Using a 120m/mφ extruder die width 1600m/m laminator, molding speed 10 at resin temperature 260℃
Adhesive on both sides at m/min (300μ on one side), thickness 0.85
A tarpaulin of m/m was obtained. As shown in Table 1, although there was no problem with tensile strength, welding creep was poor, and problems were observed with peelability and thread pullability. Comparative Example 2 Isotactic polypropylene with MFR 8.7, MLMFR/MFR=20.5, and tacticity 93.1% was spun under the same conditions as in Example 1, but at a draw ratio of 7.3 times. There were no problems with spinning or drawing. Strength is 5.8
It was g/d. A tarpaulin with a thickness of 0.82 m/m was obtained in the same manner as in Example 1. As shown in Table 1, tensile strength,
Problems are seen in terms of weld creep. Comparative Example 3 Example 1 except that the resin temperature during laminator was 190°C and the molding speed was 5 m/min.
A tarpaulin was obtained in the same manner. As shown in Table 1, welding creep was worse than in Example 1, and problems were observed in peelability and thread pullability. Comparative Example 4 Various physical properties were measured for a commercially available tarpaulin made by adhering EVA to a polyester base fabric.

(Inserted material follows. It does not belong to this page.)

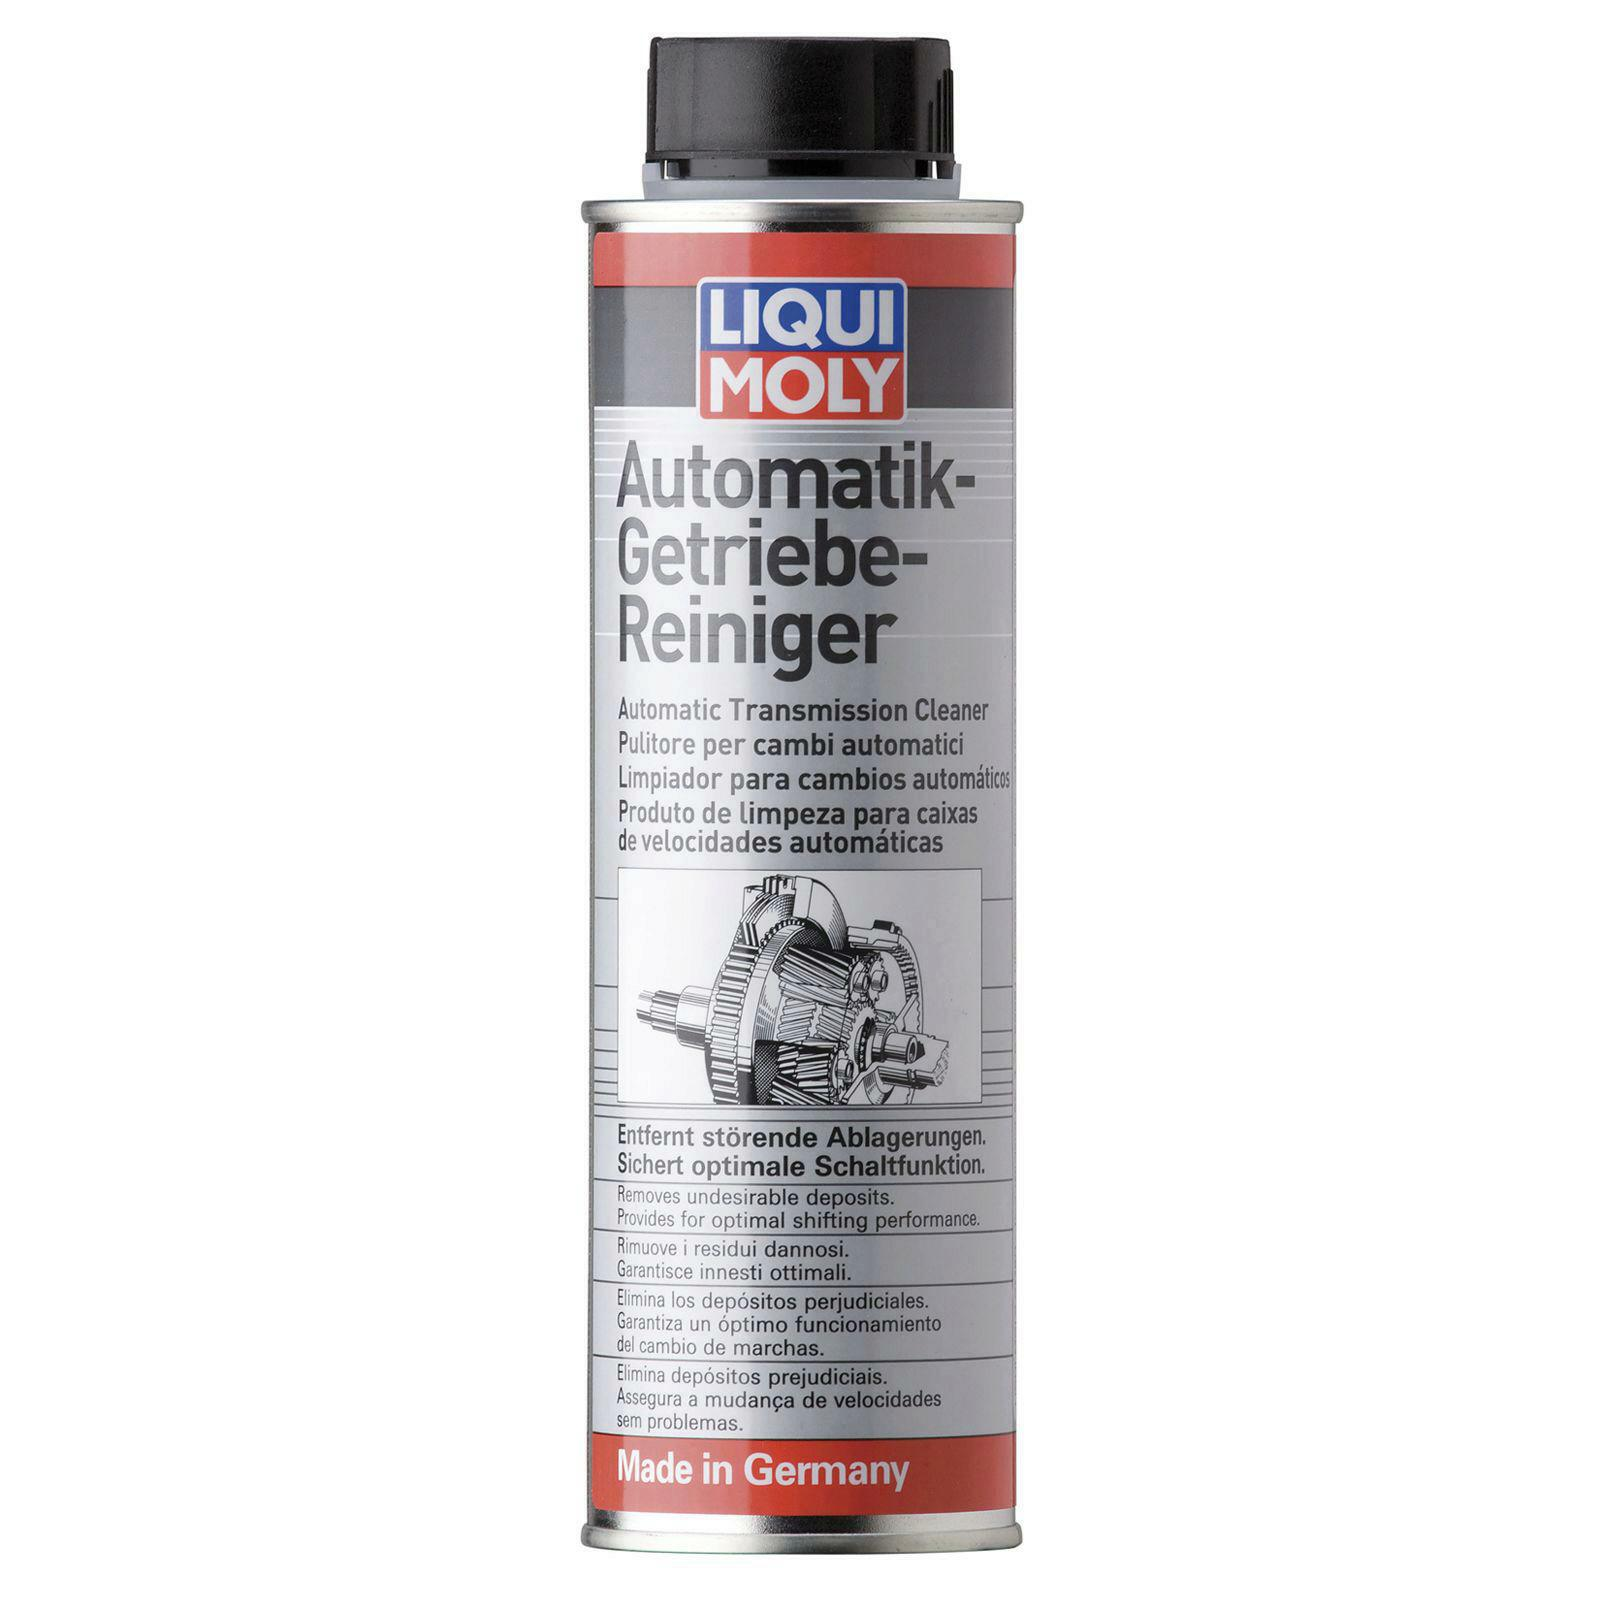 Liqui Moly Automatik-Getriebe-Reiniger 300ml

As shown in Table 1, problems with weld creep were observed.

【table】

【table】 [Brief explanation of drawings]

FIG. 1 is an explanatory diagram of a welding creep test, FIG. 2 is an explanatory diagram of a thread pull-out resistance test, and FIG. 3 is an explanatory diagram of a peel strength test. 1... Base, 2... Weld part, 3... Test piece, 4...
Load, 5...notch, 6...welder part.

Claims (1)

[Claims] 1 Multifilament made of isotactic polypropylene with a tactility of 96 wt% or more and a single fiber fineness of 25 denier or less is used as the warp and/or weft, and the number of threads is 10/inch to 30/inch for plain weave. inch, 5 for Karami weave
~15 pieces/inch of mesh fabric is used as a base material, and at least one side of the base material has a vinyl acetate content of 10 to 30
% ethylene vinyl acetate copolymer within a temperature range of 220 to 290°C and laminated.